§ **Required work**
Every line of the listing must be reproduced as it stands. Leave the images behind.

§ **Recorded data**
/---
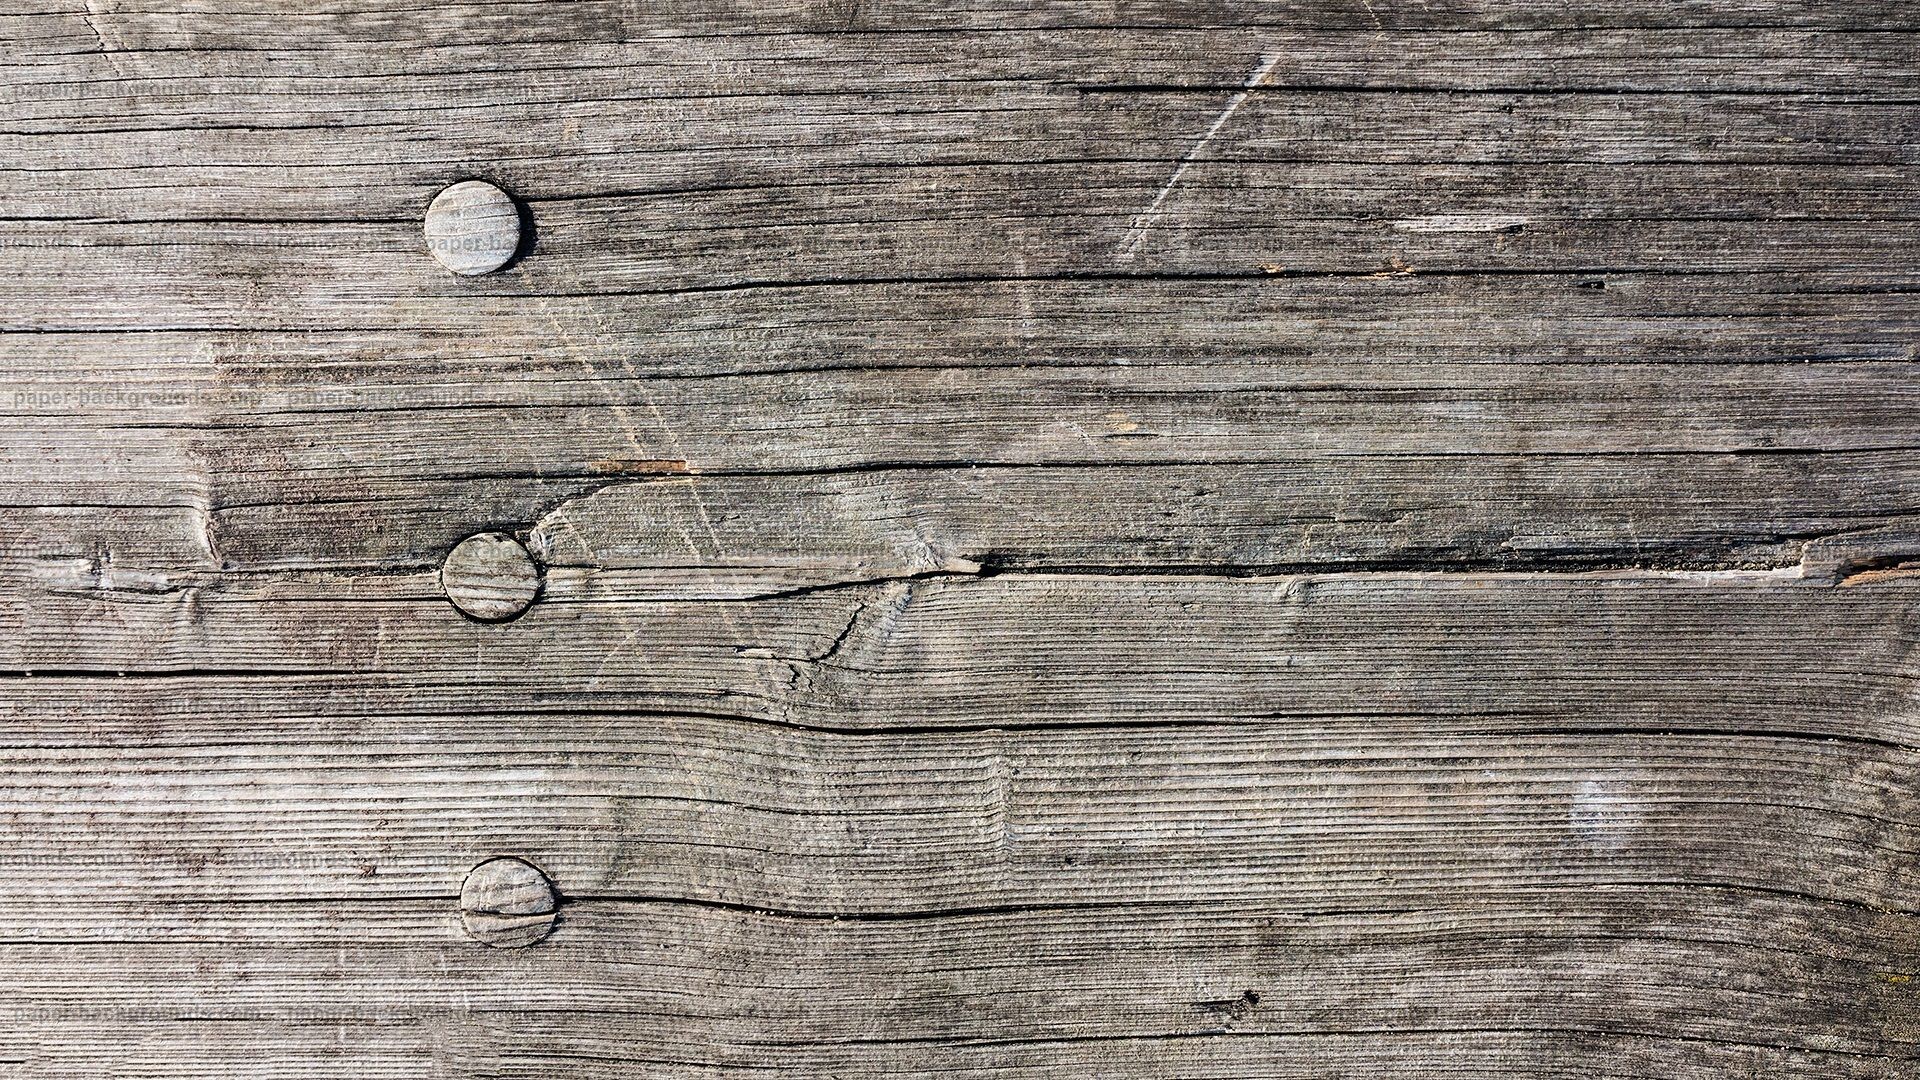 1920x1080 Old Wood Plank Wallpaper, Old Wood Plank Wallpapers For Free .
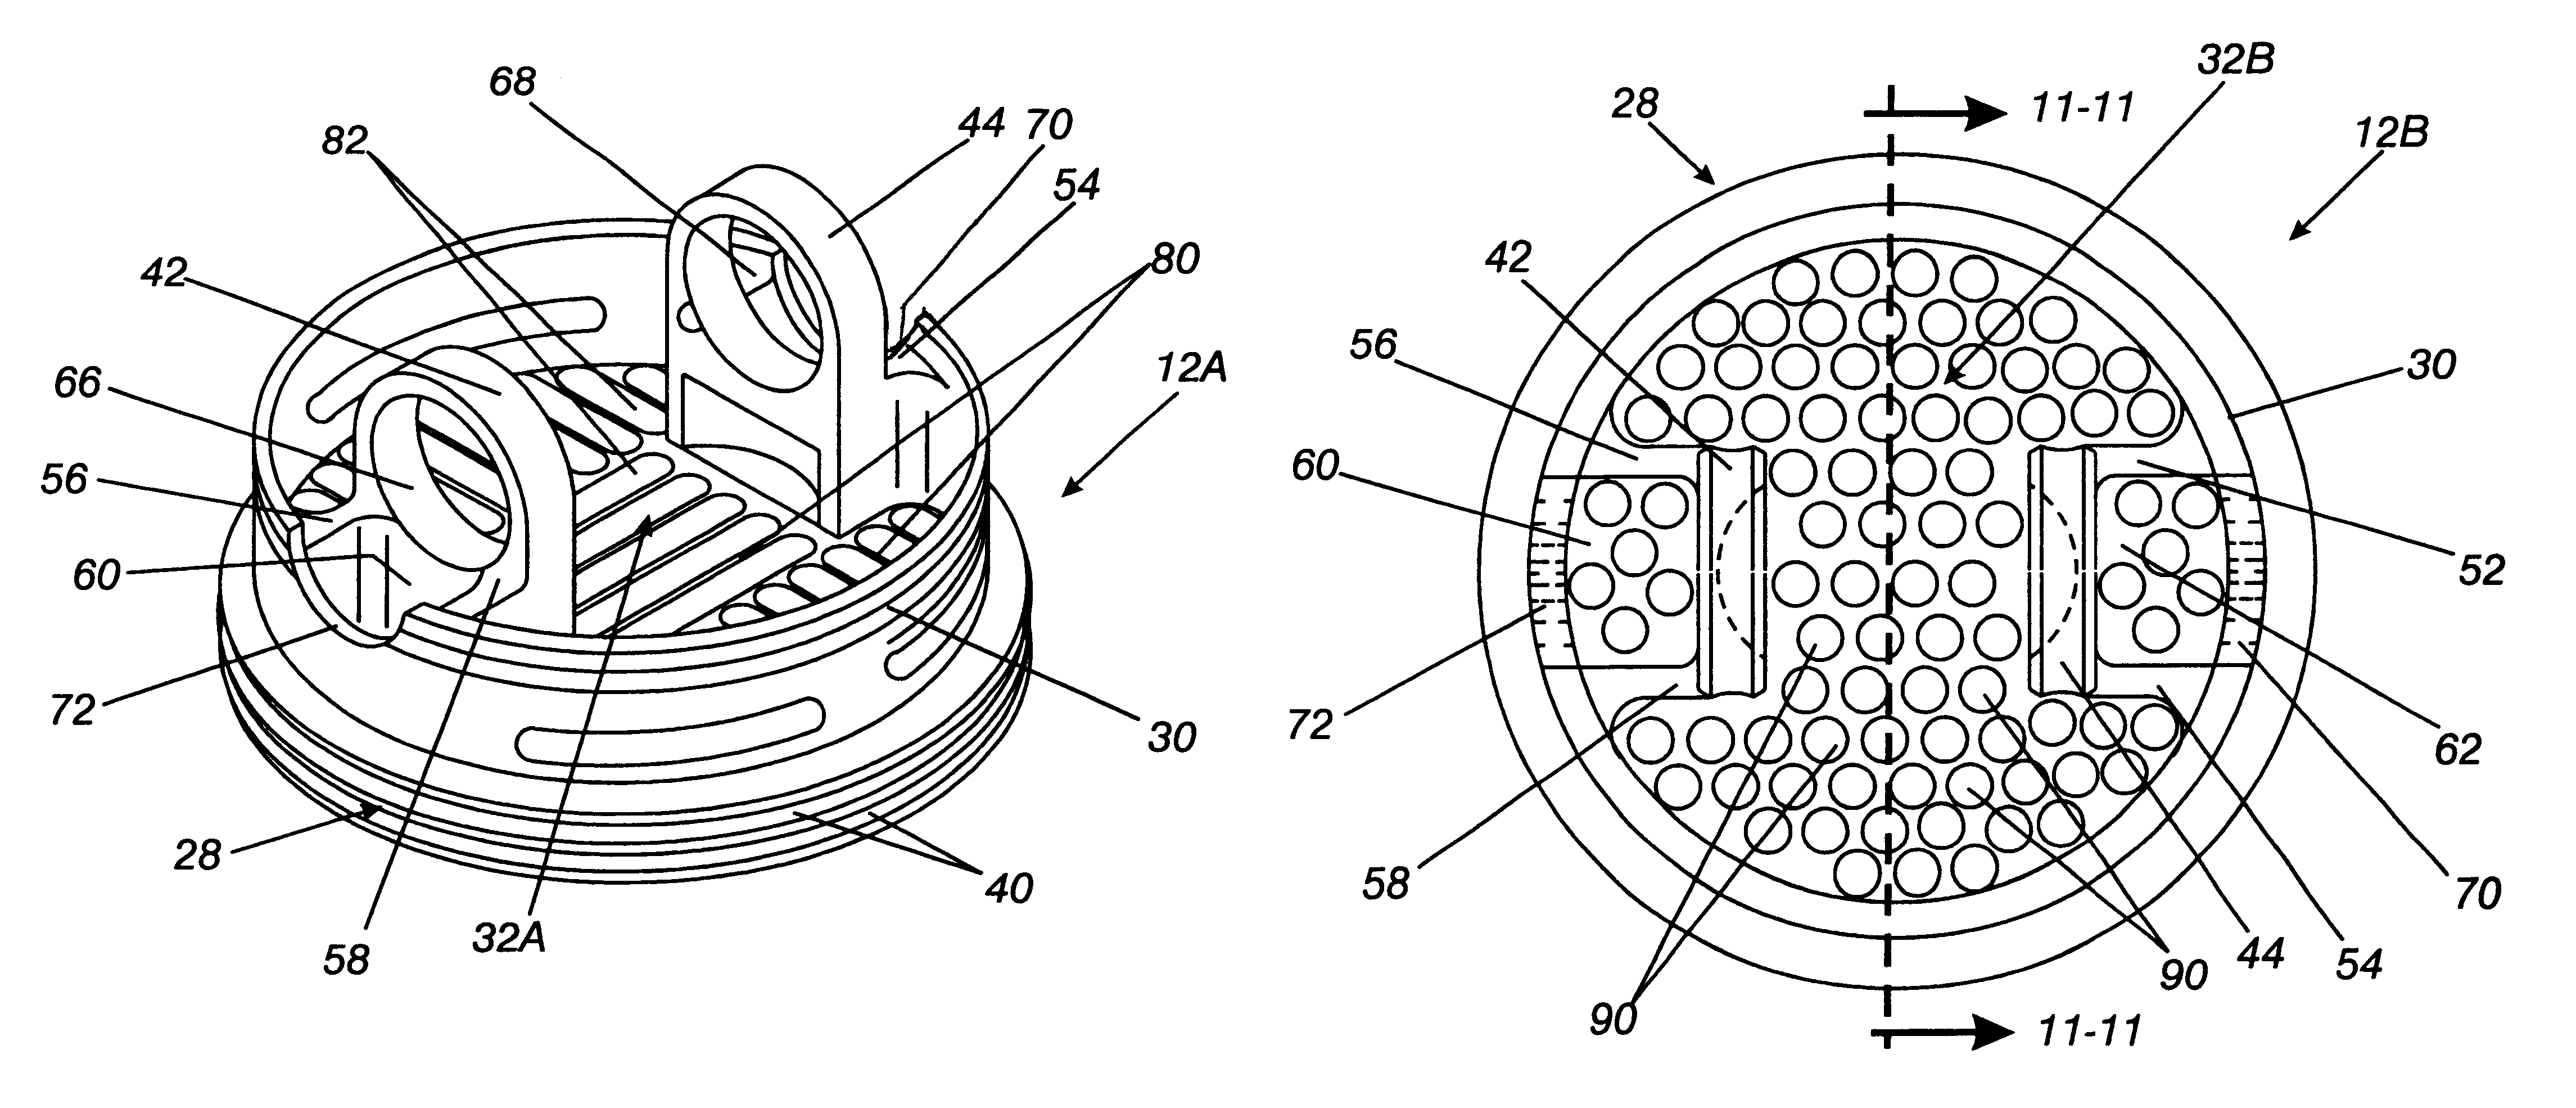 Two-piece piston assembly
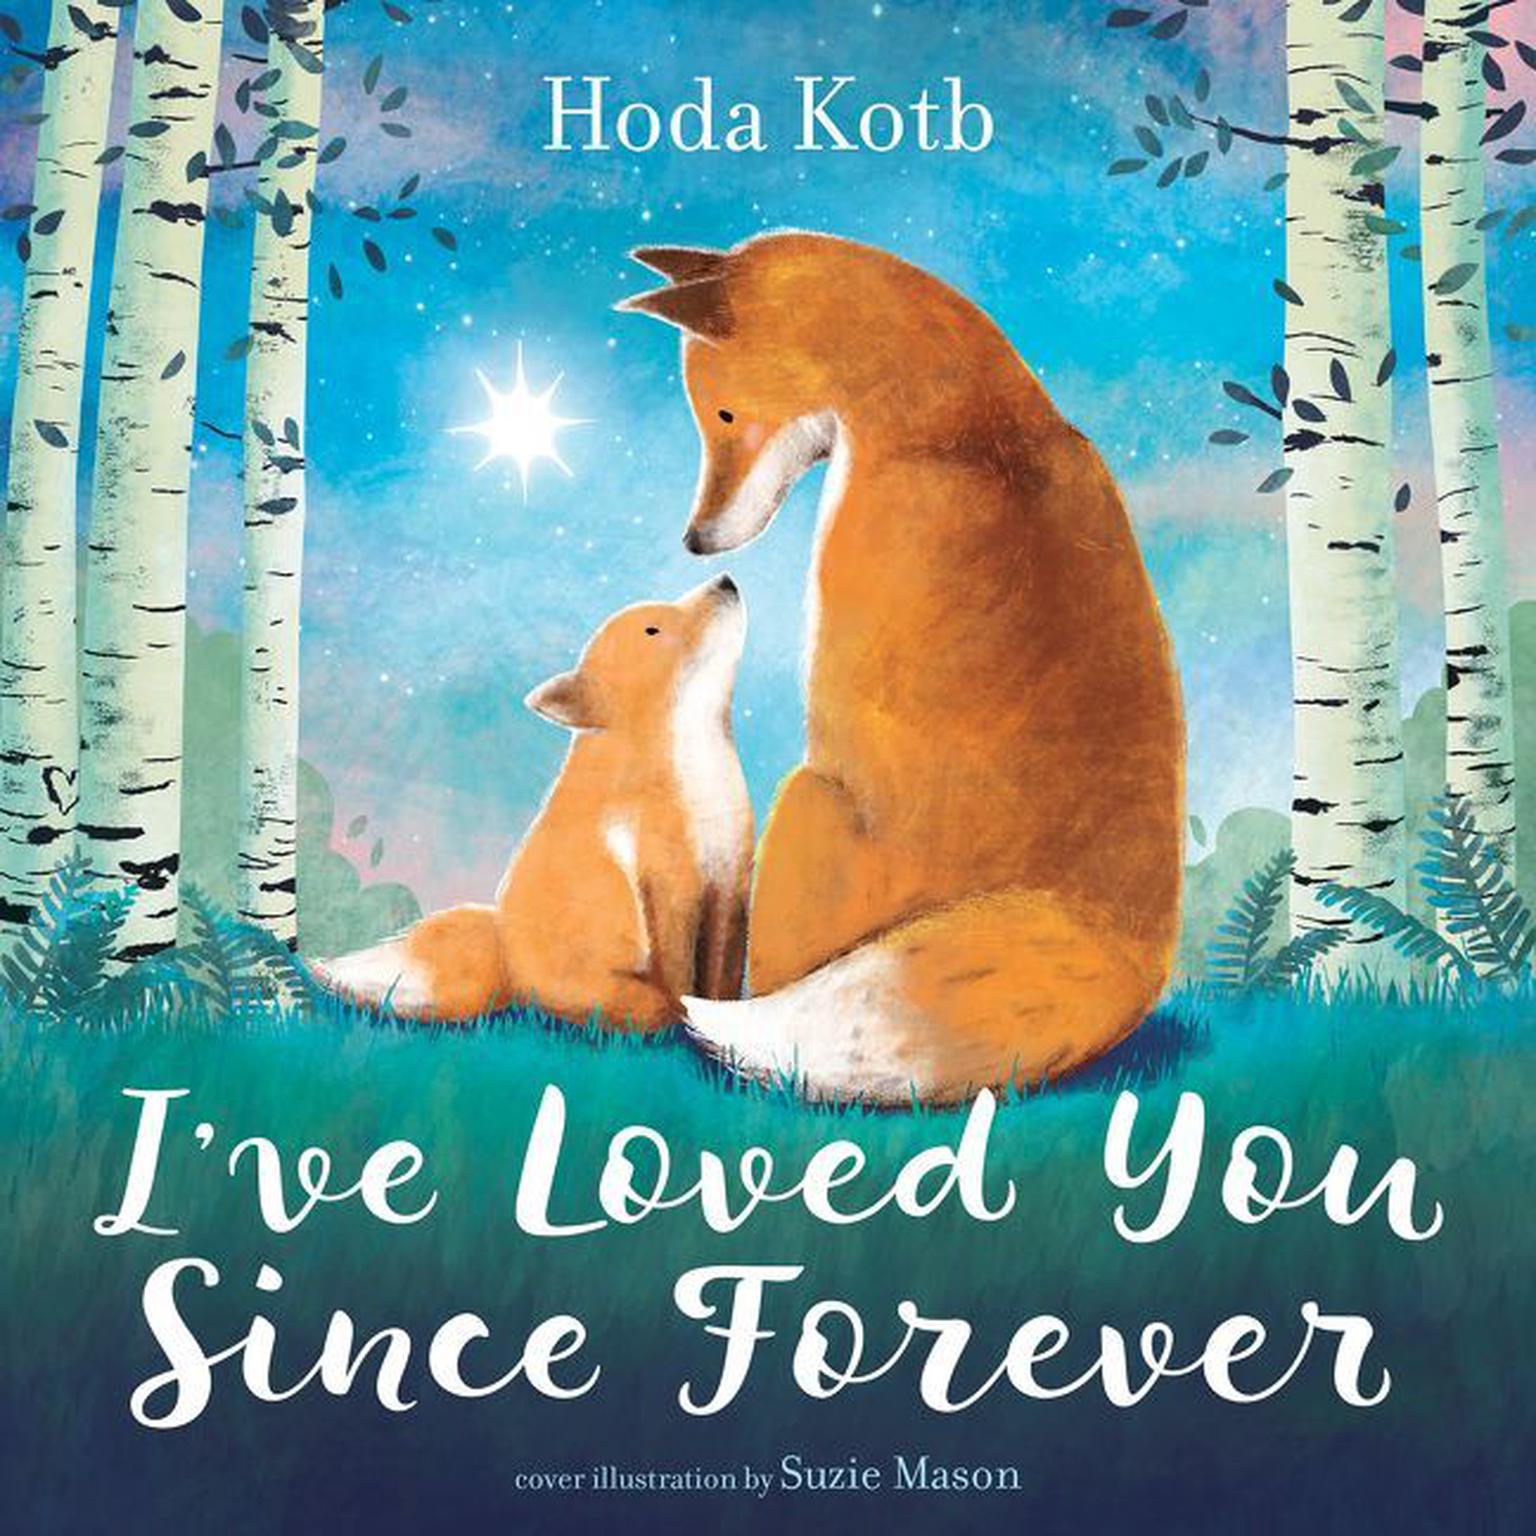 Ive Loved You Since Forever Audiobook, by Hoda Kotb
\---
§ **Exercise solution**
 1920x1080 Old Wood Plank Wallpaper, Old Wood Plank Wallpapers For Free .
 Two-piece piston assembly
 Ive Loved You Since Forever Audiobook, by Hoda Kotb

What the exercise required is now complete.